To date: still a mystery. Maybe I will try a stronger degradation trt such as 5N acid for five days just to bump up the differential and consequently bump up the titer of supposed by-products to a higher/detectible concentration level.

Still a mystery though So, at this point we are concluding that:
1) a pH change in Product occured as a result of the acid insult (acid sample pH = 1.75 vs. Control sample pH = 6.97).

2) a 20% decrease in the ethanol signal (which computed to a 10% change in ethanol concentration) was correlated to the acid insult.

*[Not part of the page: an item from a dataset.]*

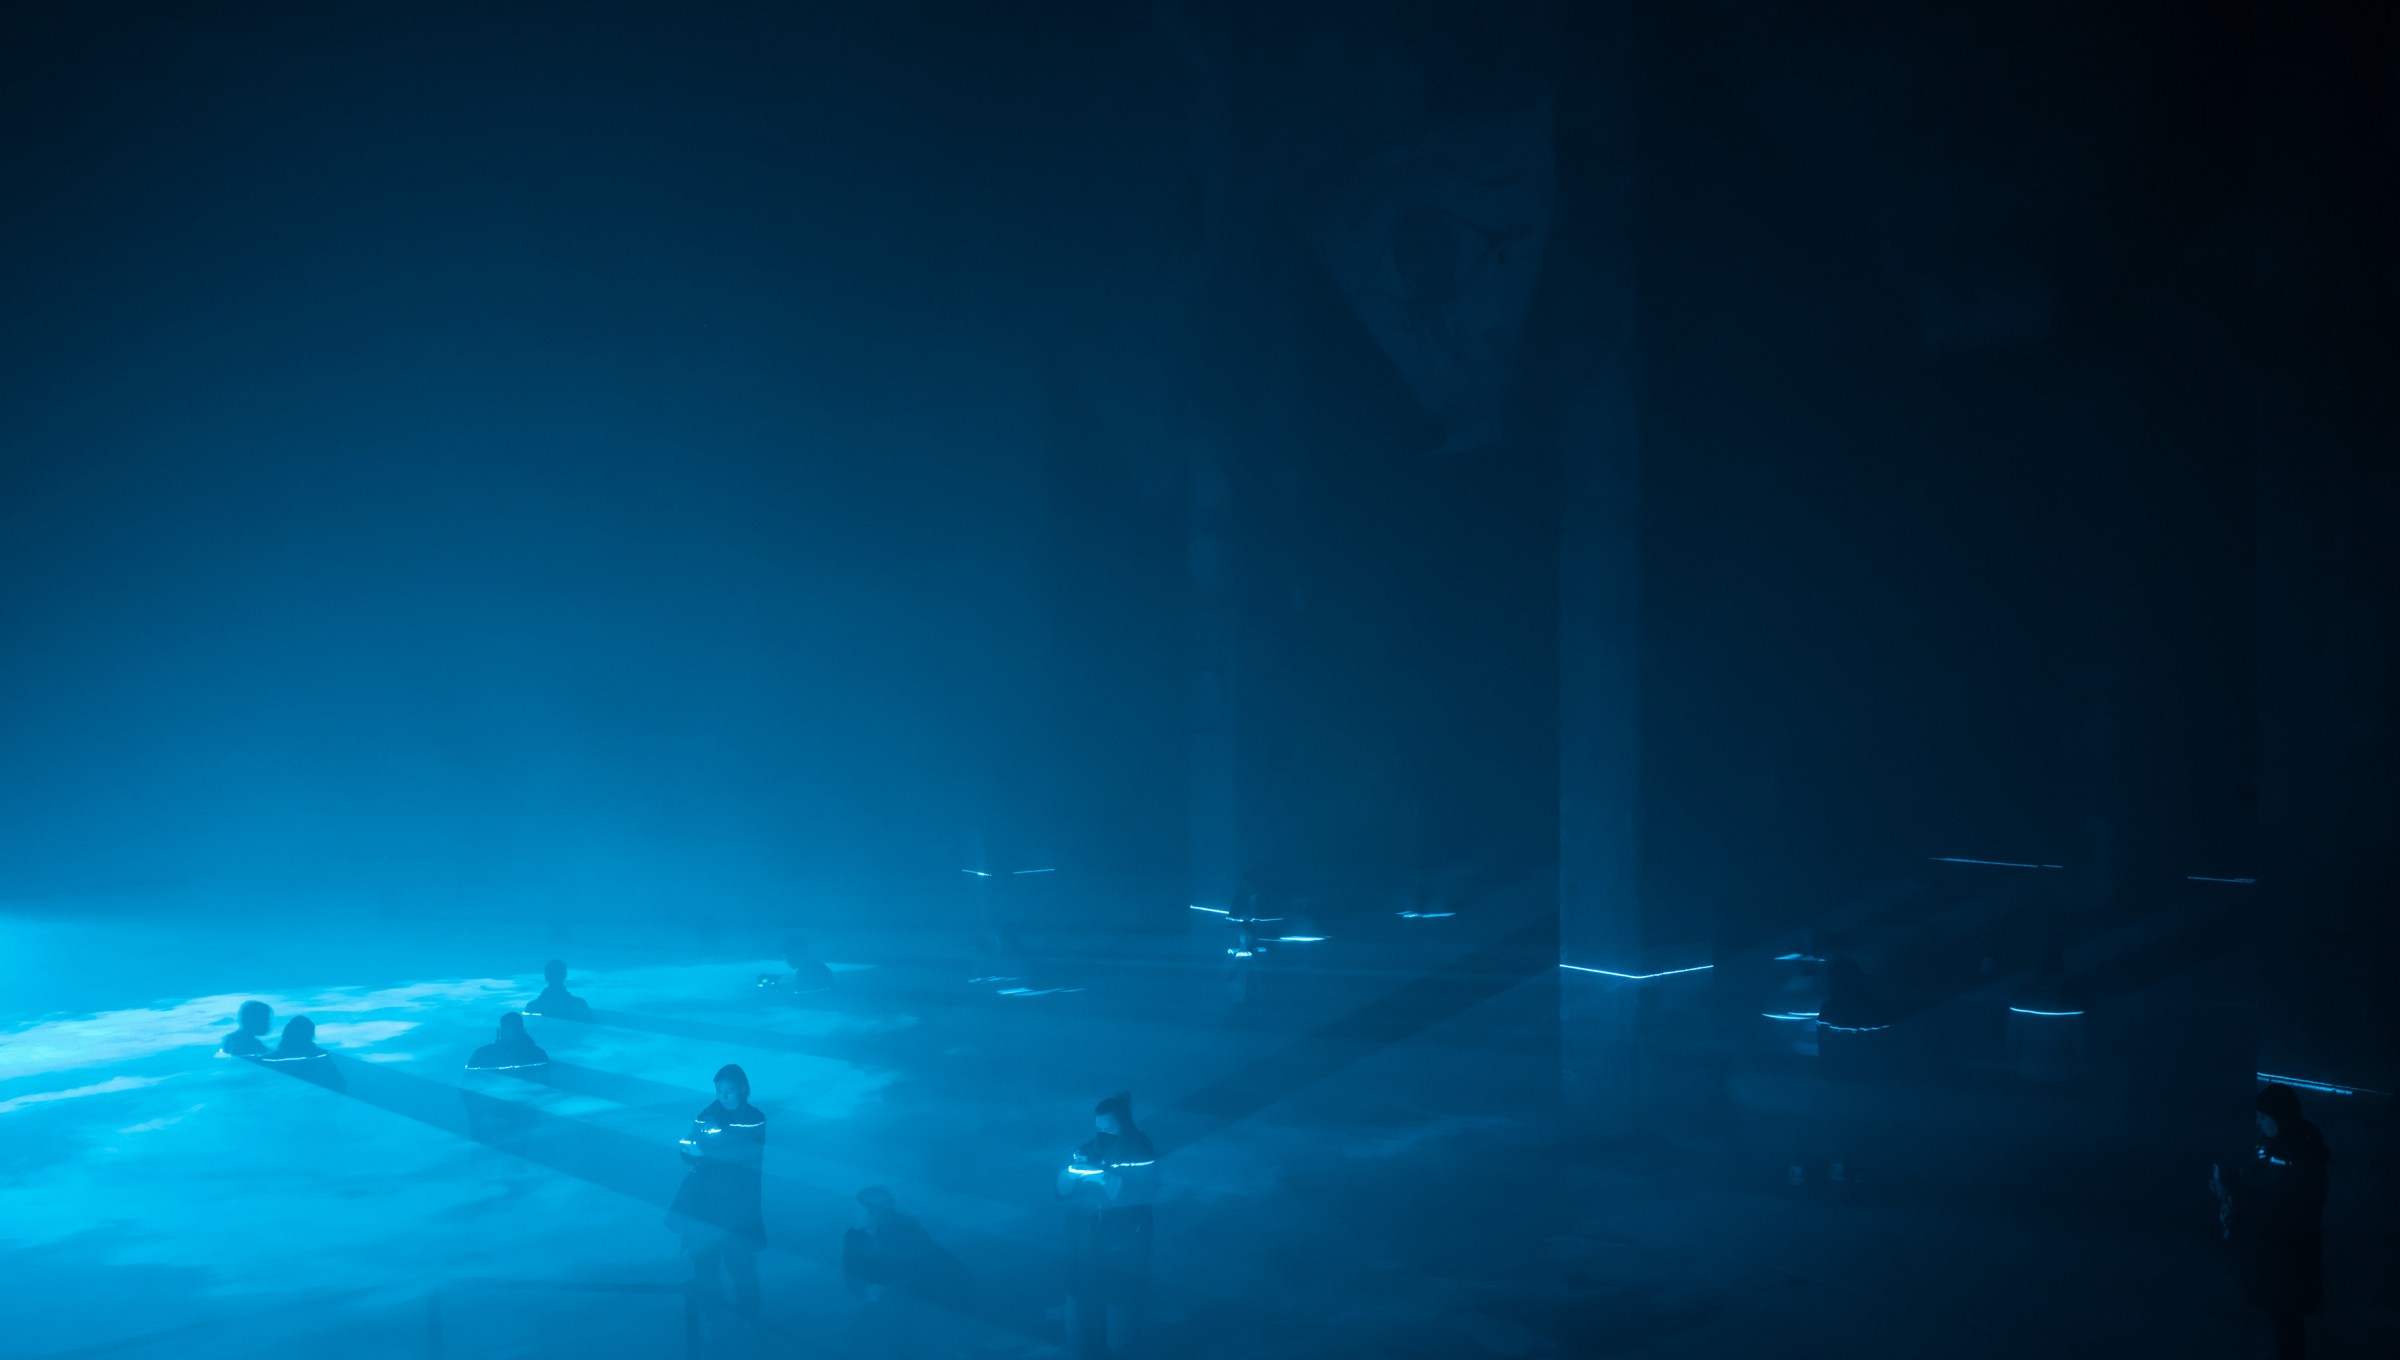 thegreeneyl ausstellungsdesign las foundation ian cheng halle am berghain pool licht installation blau
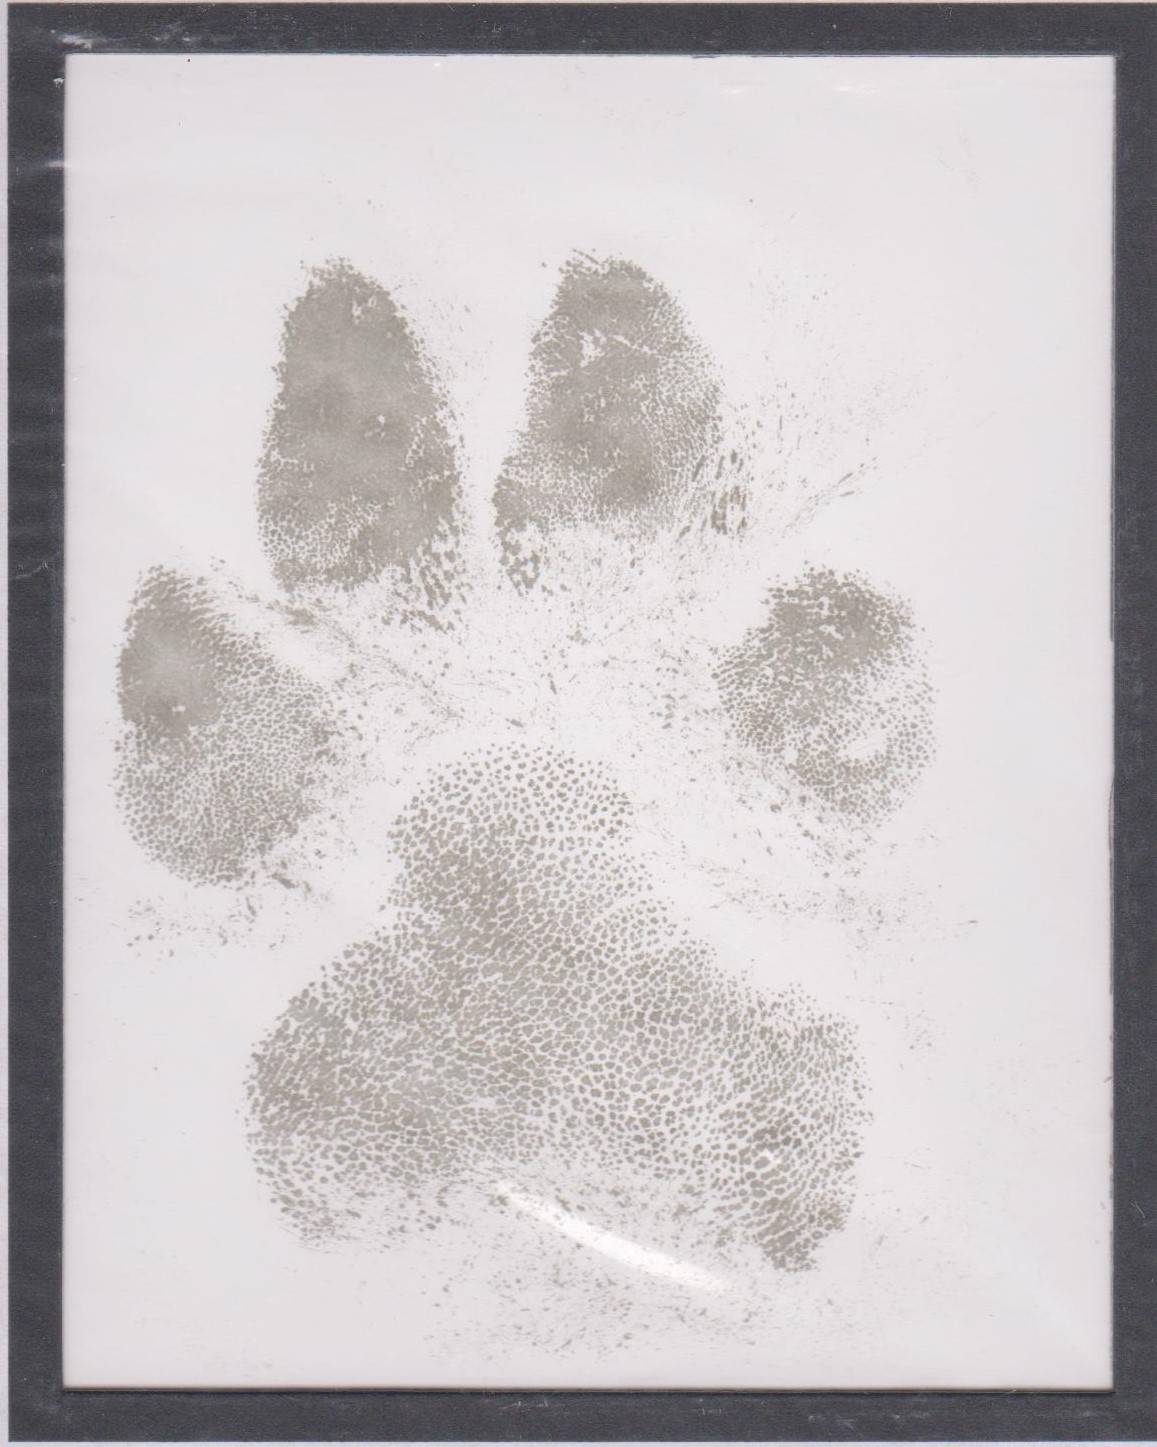 Bear's final paw print

3) Whether this change in ethanol concentration was due to chemical conversion of ethanol to other non-ethanol by-products is inconclusive because no chromatographic peaks that would indicate the likely by-products (i.e., ethanal nor ethanolic acid ) were observed.

[Don_Hilton]

I am still wondering about trans esterification - which acrylate is used in the gel? I would look to see if that alcohol is in the GC trace. I would suggest injecting methanol, ethanal, acetic acid, and ethyl acetate to be sure that you could locate likely products. I am suggesting methanol as methyl esters are comon comercially.

From way back in the days I took organic chemistry - typically aldehydes oxidize to acids faster than the alcohol oxidizes to form the aldehyde. While I have observed ethanal in a bottle of absolute alcohol, my recollection is that I have found much more acetic acid and ethyl acetate present. (This has been in the examination of a blank to identify background contaminants.)

[bhuvfe]

[quote=

GC parameters: 100% wax column, 40C isothermal for 6 minutes; ramped to 100C hold for 1 min; inlet psig= 10; inj = 200C; Det = 300C


:[/quote]


Have you tried to increase the final T to the maximum allowed for this column (and the hold time)?

[bhuvfe]

Do you have any way to verify ethyl chloride formation? Possibly before your sample preparation (ethyl chloride is a gas at room T)?

[HW Mueller]

I was talking about EtOH reaction with acrylate.
The use of parafilm as you describe is highly suspect.
You would not be the first one to inadvertendly have large handling differences between ref. and unknown.
I still don´t have any clue as to why you conclude that you have oxidation.

[Jumpshooter]

After conducting a few additional tests I have determined that our problem (i.e., failure to detect ethanol oxidation products) is not instrument related. The problem seems like it inheres in the actual chemical rxns. For one, I will treat the "acid" sample with acidified potass.dichromate to see if the ethanol can truly be oxidized into ethanal and ethanoic acid. However, this is a bit of a 'deviation' from the standard product stability testing protocol; yet, it seems necessary to try? Inject the sample and inspect that baseline chrom for peaks.